Just then Trotsky or Vladimir Ilyich phoned – I don't remember – and said that Latsis should remain in the All–Russian Extraordinary Commission, while I, along with others, should went to the Bolshoi Theater and arrested a faction of Left Socialist Revolutionaries. We went to the theater... Some of us went on stage, announced that the Bolshevik faction was going to gather, and that all the Bolsheviks should leave the theater. At the exits, we set up a document check and at first released only communists. But, of course, very soon this cunning was discovered by the Socialist Revolutionaries and others, but they did not react to it... Then we began to start up according to recommendations, according to documents. In the end, Left Socialist Revolutionaries, Internationalists and non–partisans remained in the theater. I remember that some of them were worried, asked what this meant, since they did not know the situation.

Until late in the evening, isolated Left Socialist Revolutionaries held conferences, decided organizational issues, re–elected the faction's bureau and adopted a declaration on the assassination of Mirbach, which they intended to read after the Congress resumed, then they sang revolutionary songs and finally settled down to sleep. At this time, an armed confrontation was unfolding in Moscow. By dawn on July 7, the uprising of the Left Socialist Revolutionaries had been suppressed. On the night of July 8, the arrested Left Socialist Revolutionaries were disarmed and moved to the Maly Theater, since the work of the Congress was to resume at the Bolshoi Theater on July 9.

===July 9–10===
The third meeting began on July 9 at 14:30 under the chairmanship of Sverdlov. The first to speak was Trotsky with a report on the events that had just happened in Moscow, sharply condemning the actions of the Left Socialist Revolutionaries and declaring: "This party killed itself on the days of July 6 and 7 forever". The party of the Left Socialist Revolutionaries, its fate and the attitude of the Bolsheviks towards the Left Socialist Revolutionaries were one of the main subjects of discussion, sharply negative assessments were expressed. The congress decided to exclude from the Soviets the Left Socialist Revolutionaries who supported the political line of the Central Committee of their party, and leave opportunities for cooperation for those organizations of the Left Socialist Revolutionaries that would "disown" their Central Committee. In addition to this issue, the food issue was again raised at the third session. At the end of the day, Ivan Teodorovich read out a resolution from the Bolsheviks on the fight against hunger, which was adopted.
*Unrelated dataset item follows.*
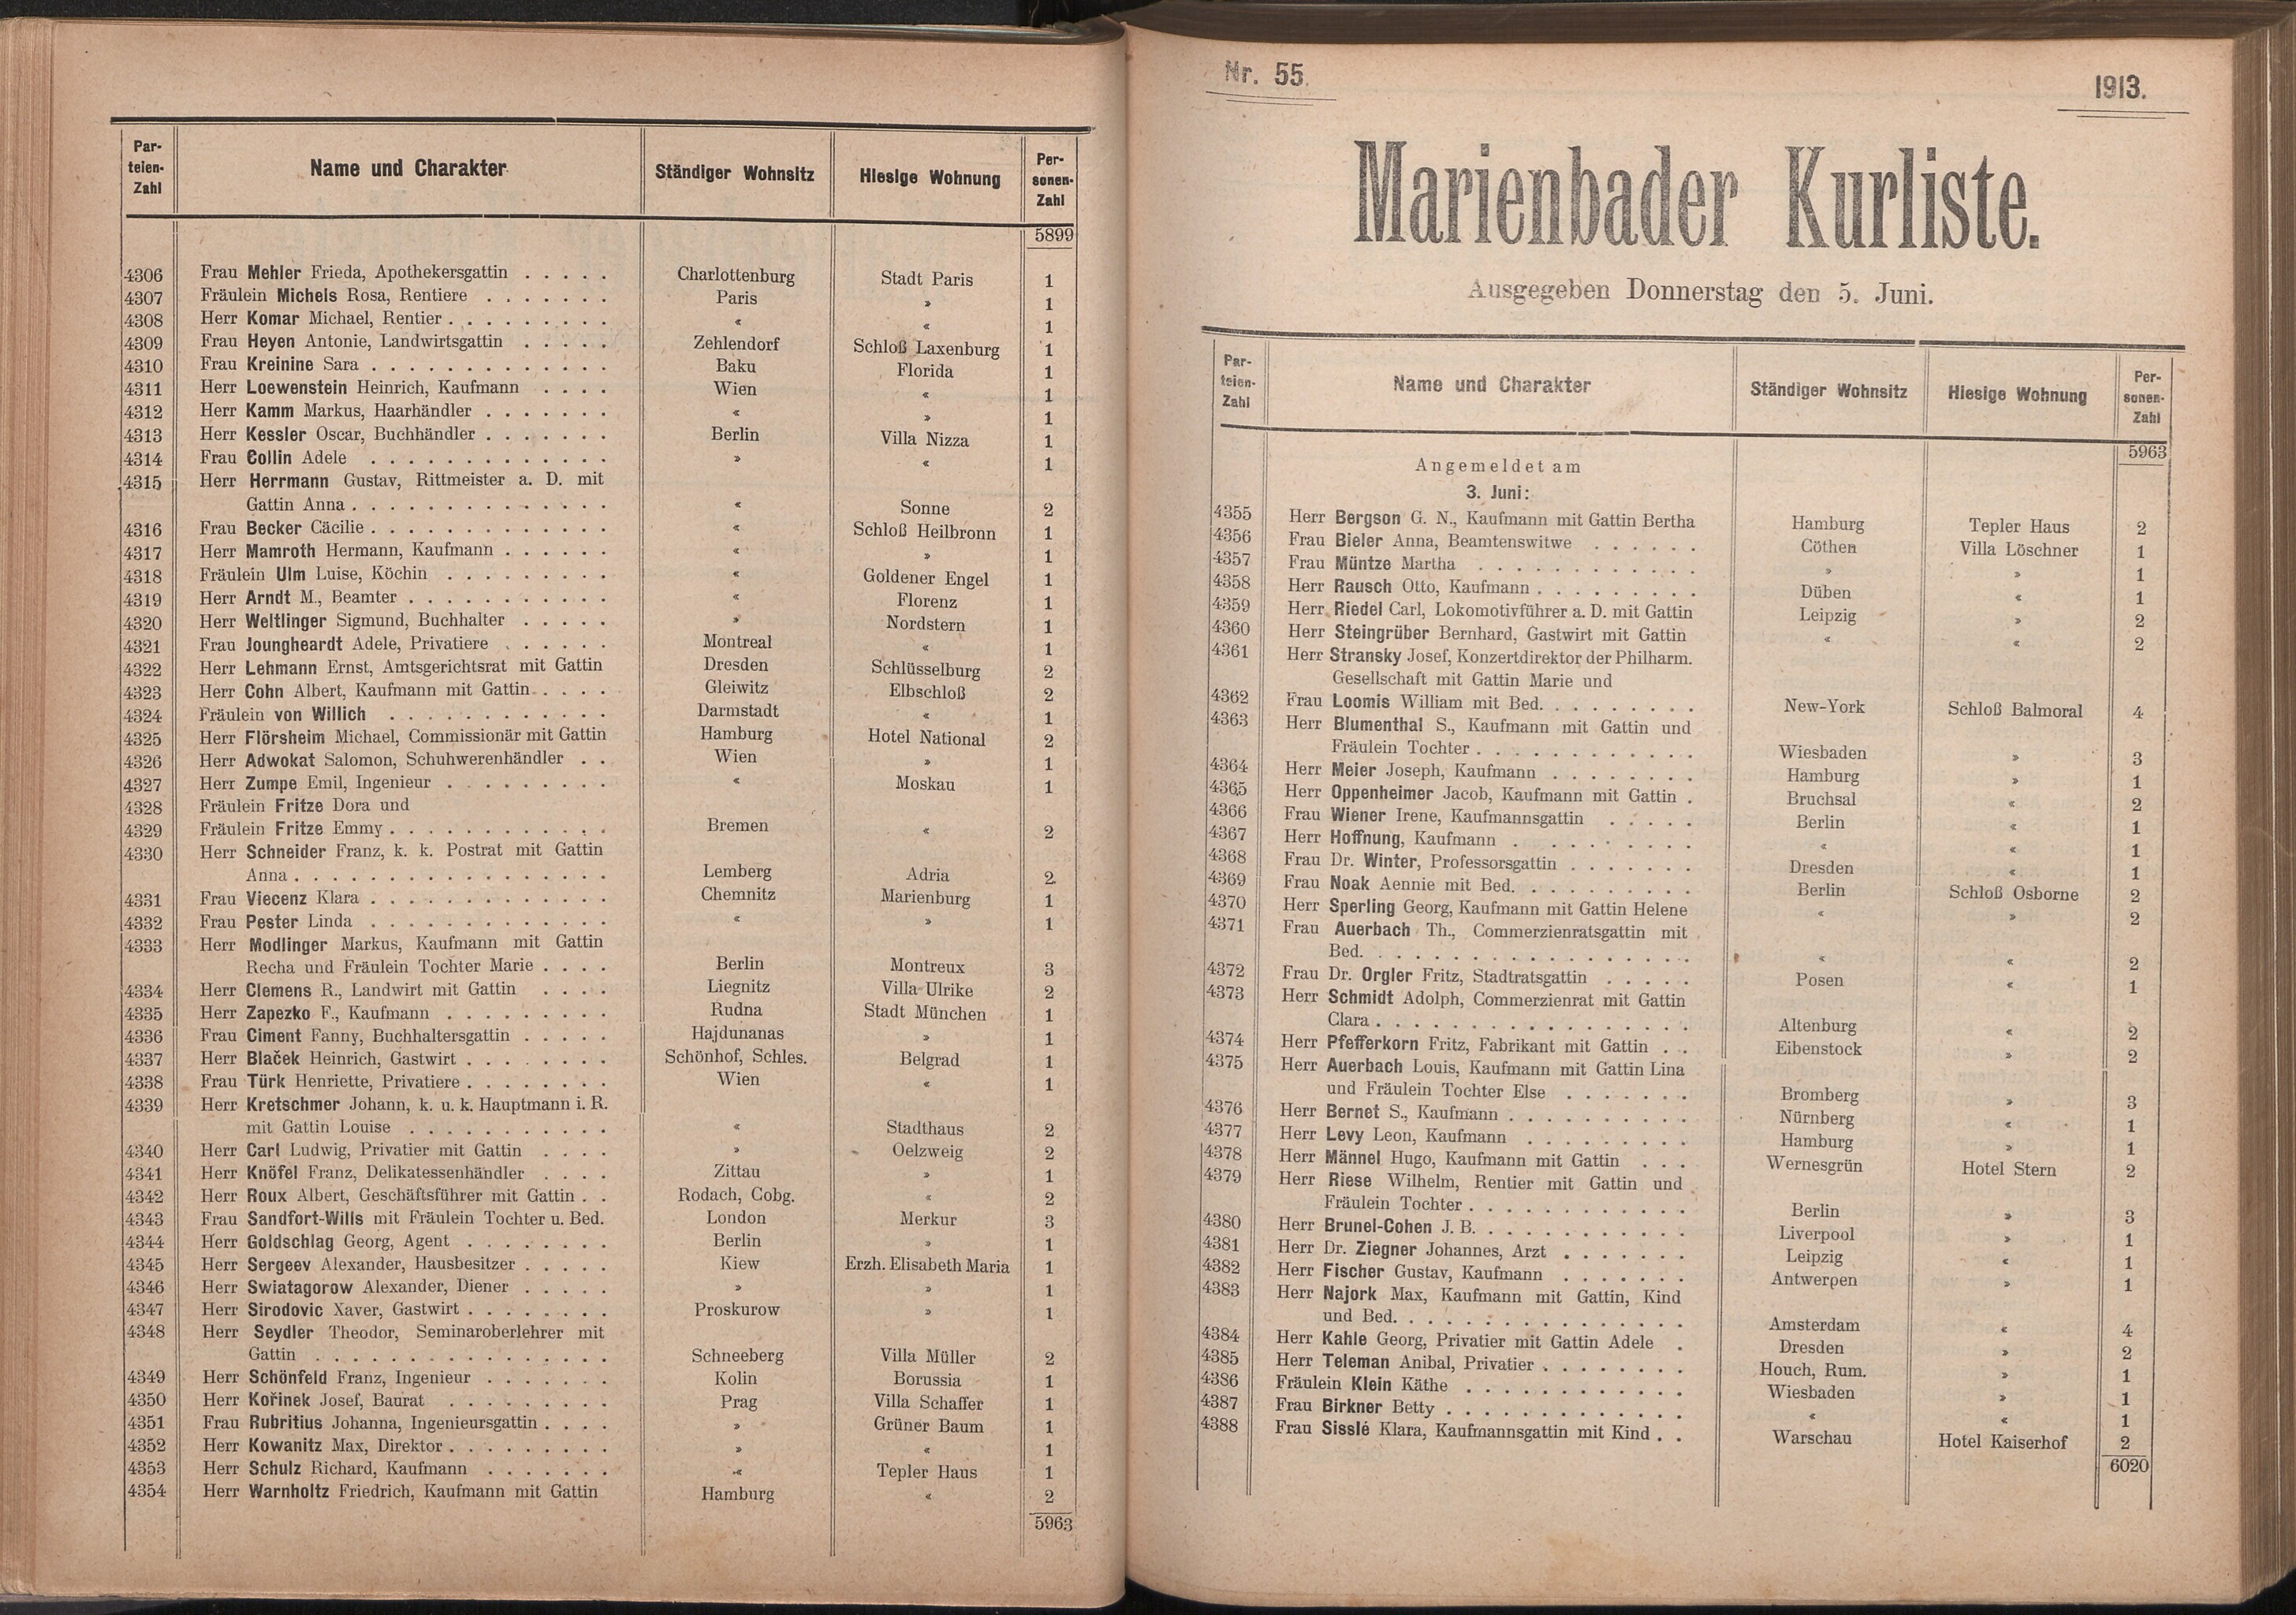 72. soap-ch_knihovna_marienbader-kurliste-1913_0720

The fourth meeting began at 15:15 on July 10 under the chairmanship of Varlaam Avanesov. The following were heard:
1. Report of the Credentials Committee (speaker Vladimir Maksimovsky);
2. Avanesov's proposal to annul the resolution on roll–call voting;
3. Trotsky's report on the organization of the Red Army.

The Congress adopted the Constitution of the Russian Soviet Federative Socialist Republic of 1918. The Congress officially approved the idea of using "mass terror" against the opponents of Soviet power.